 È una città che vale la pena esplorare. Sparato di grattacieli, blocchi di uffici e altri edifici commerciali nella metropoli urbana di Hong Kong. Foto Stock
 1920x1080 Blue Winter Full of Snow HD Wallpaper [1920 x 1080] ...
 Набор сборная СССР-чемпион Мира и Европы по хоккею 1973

■ ■ ■ ■ ■ ■ ■

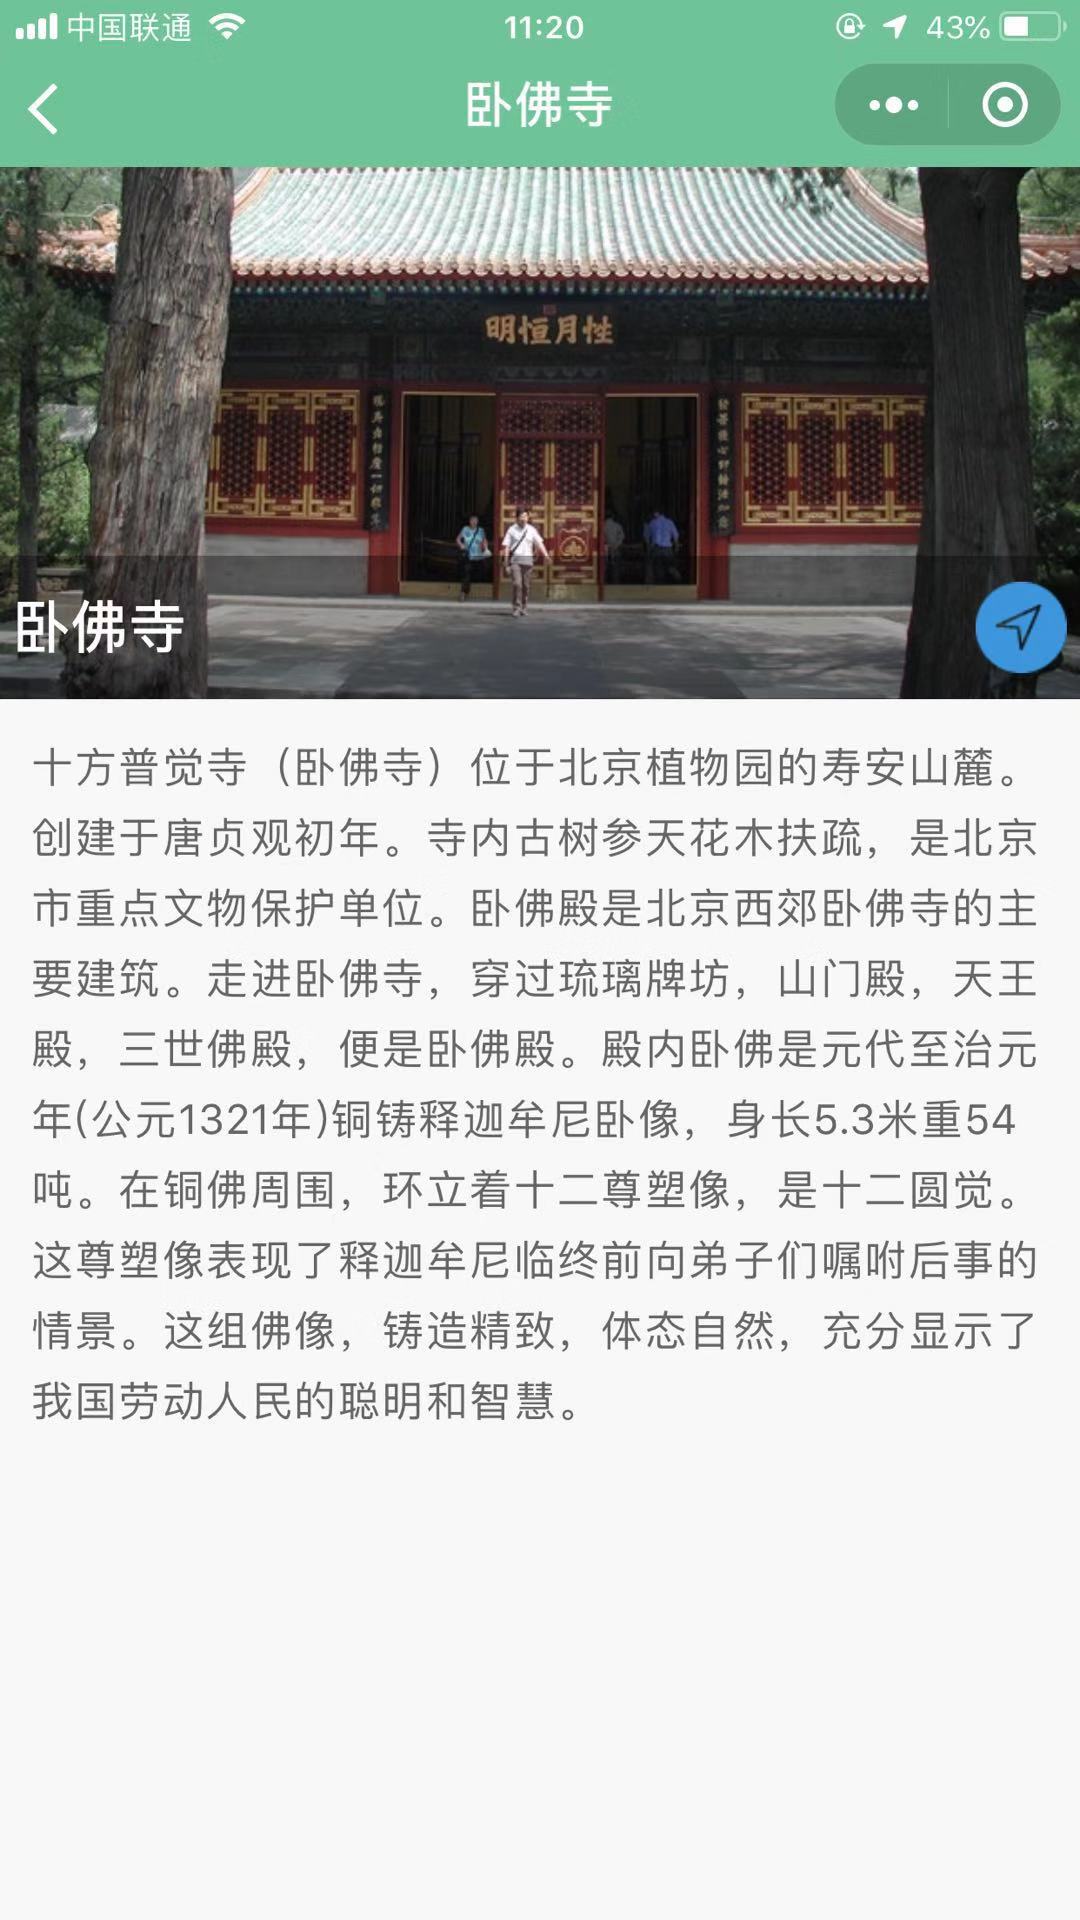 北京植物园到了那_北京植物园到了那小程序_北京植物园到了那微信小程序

■ ■ ■ ■ ■ ■ ■

In the listing above, find the line with "È una città" and the line with "Набор сборная СССР-чемпион", then print exactly those two lines and every line between them, and nothing more.

**TASK ANSWER:**
 È una città che vale la pena esplorare. Sparato di grattacieli, blocchi di uffici e altri edifici commerciali nella metropoli urbana di Hong Kong. Foto Stock
 1920x1080 Blue Winter Full of Snow HD Wallpaper [1920 x 1080] ...
 Набор сборная СССР-чемпион Мира и Европы по хоккею 1973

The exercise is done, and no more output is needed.